La Dolce Vita

Beyond survival: tools for thriving.
Take control of your happiness by building community and cultivating gratitude. Photography by Ryan Moore

By Donna D’Cruz

Asking 10 people to define what constitutes a good life would, I daresay, result in 10 wildly different answers. It comes down to how do you define “good”? Subjective, it seems to be. Or is it? Surely there must be some objective quantifiers and marks.

Great minds of antiquity puzzled over this enduring quest for a good life. The Socratic view put much emphasis on self-mastery, communal and societal contribution and the examined life, going so far as to declare that the unexamined life wasn’t worth living. Plato wrote whole screeds on pleasure and the good life, with detailed instructions.

But it took Aristotle to not only ponder the minutiae of the, but offer a map of sorts for the hardscrabble mixed bag that is most of our lives.

For he gave us the lodestar of Eudaimonia. It may sound like one of those polysyllabic new drug advertisements on television, but dear reader, Eudaimonia as described by Aristotle can be described as “happiness” but is so much more. It is a state of thriving instead of surviving; of living in a state of such wellness, abundance and optimum health of body and mind.

Did you know there’s an Eudaimonia Institute at Wake Forest University in North Carolina that studies this exclusively? And do we not need this philosophy now, more than ever?

With apologies to the classicists out there, here are a few pared-down precepts to living the sweet and good life courtesy of Aristotle.

• Live the examined life. Seek wisdom and knowledge. Have introspection but not to the level of self-absorption.

• Strive for self-mastery. Avoid overindulgence and excess.

• Have gratitude for the good in life. Cultivate humility.

• Follow your dreams and passions as far as they’ll take you.

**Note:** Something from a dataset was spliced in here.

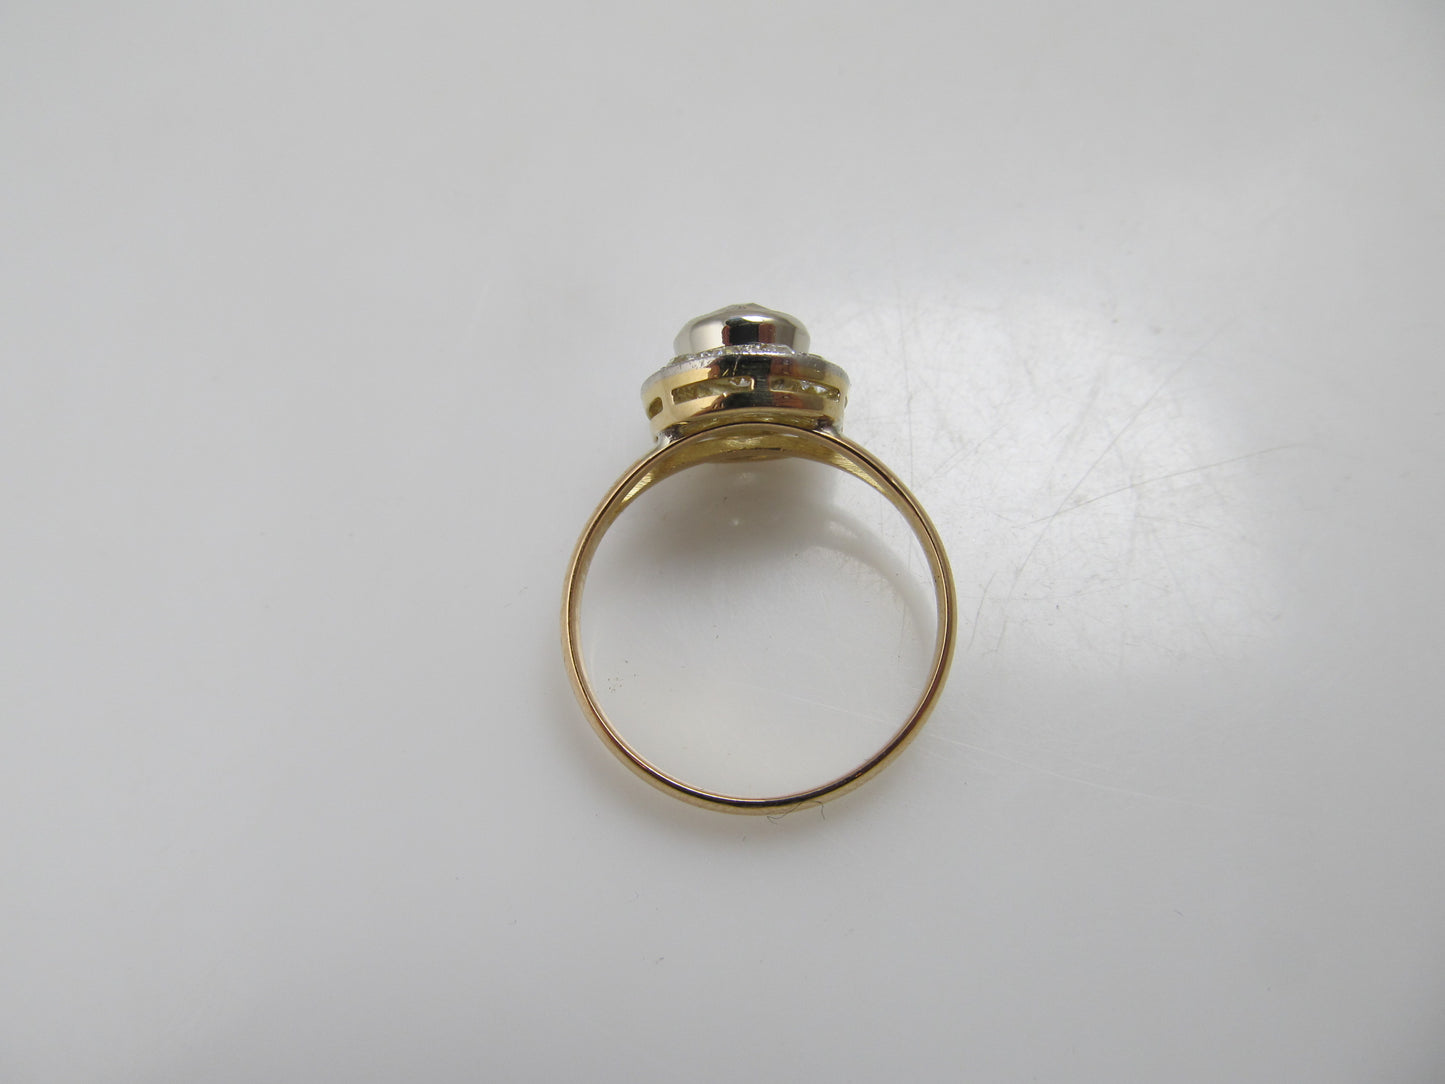 Antique 1.17 diamond engagement ring, platinum & yellow gold

• Relish the simplest joys and pleasures wherever you find them.

• Simplify things. Your life, your surroundings, your thoughts.

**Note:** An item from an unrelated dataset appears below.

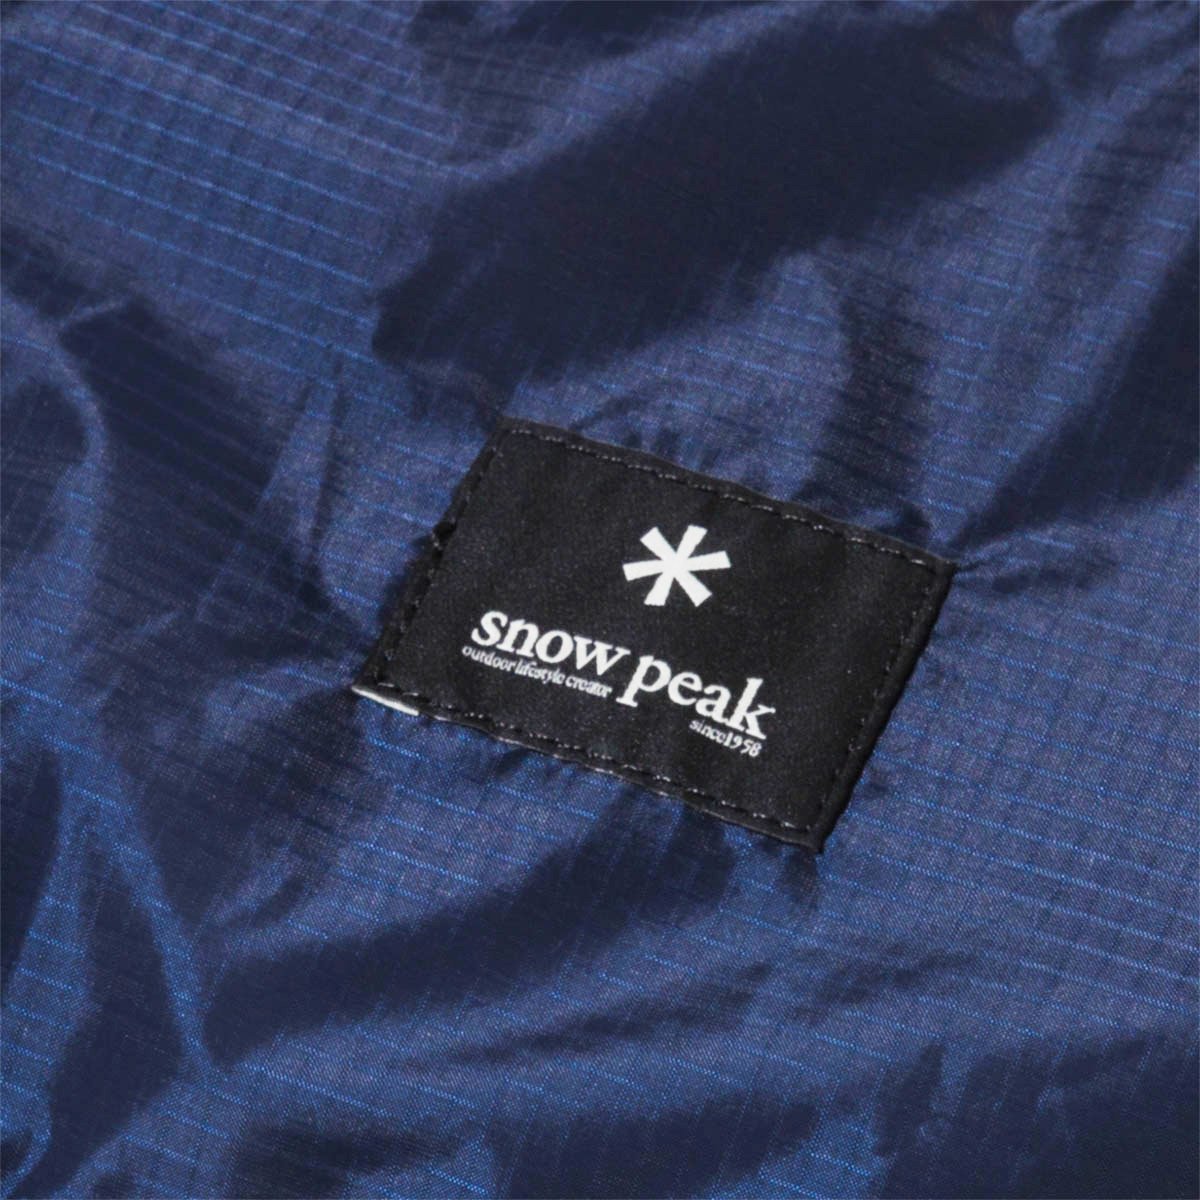 Snow Peak Bags & Accessories NAVY / O/S POCKETABLE TOTE BAG TYPE01

• Seek the communal good. Better the world beyond your realm. Engage others.

• Curtail your anxieties and worries. Let go and surrender control.

• Cultivate new friendships while nurturing the positive ones you have.

• Live in the now as much as possible, in the certainty that that is the only thing we can do.

If Aristotle and his ilk are too serious for you, take heed from Tom and Barbara Good on BBC TV’s iconic and timely series, The Good Life. Bone-weary of climbing the corporate ladder, Tom Good relinquishes all the trappings of haute-suburbia, digs up his garden and opts for a drastically simpler life. His journey began, continues and ends at home. As should ours.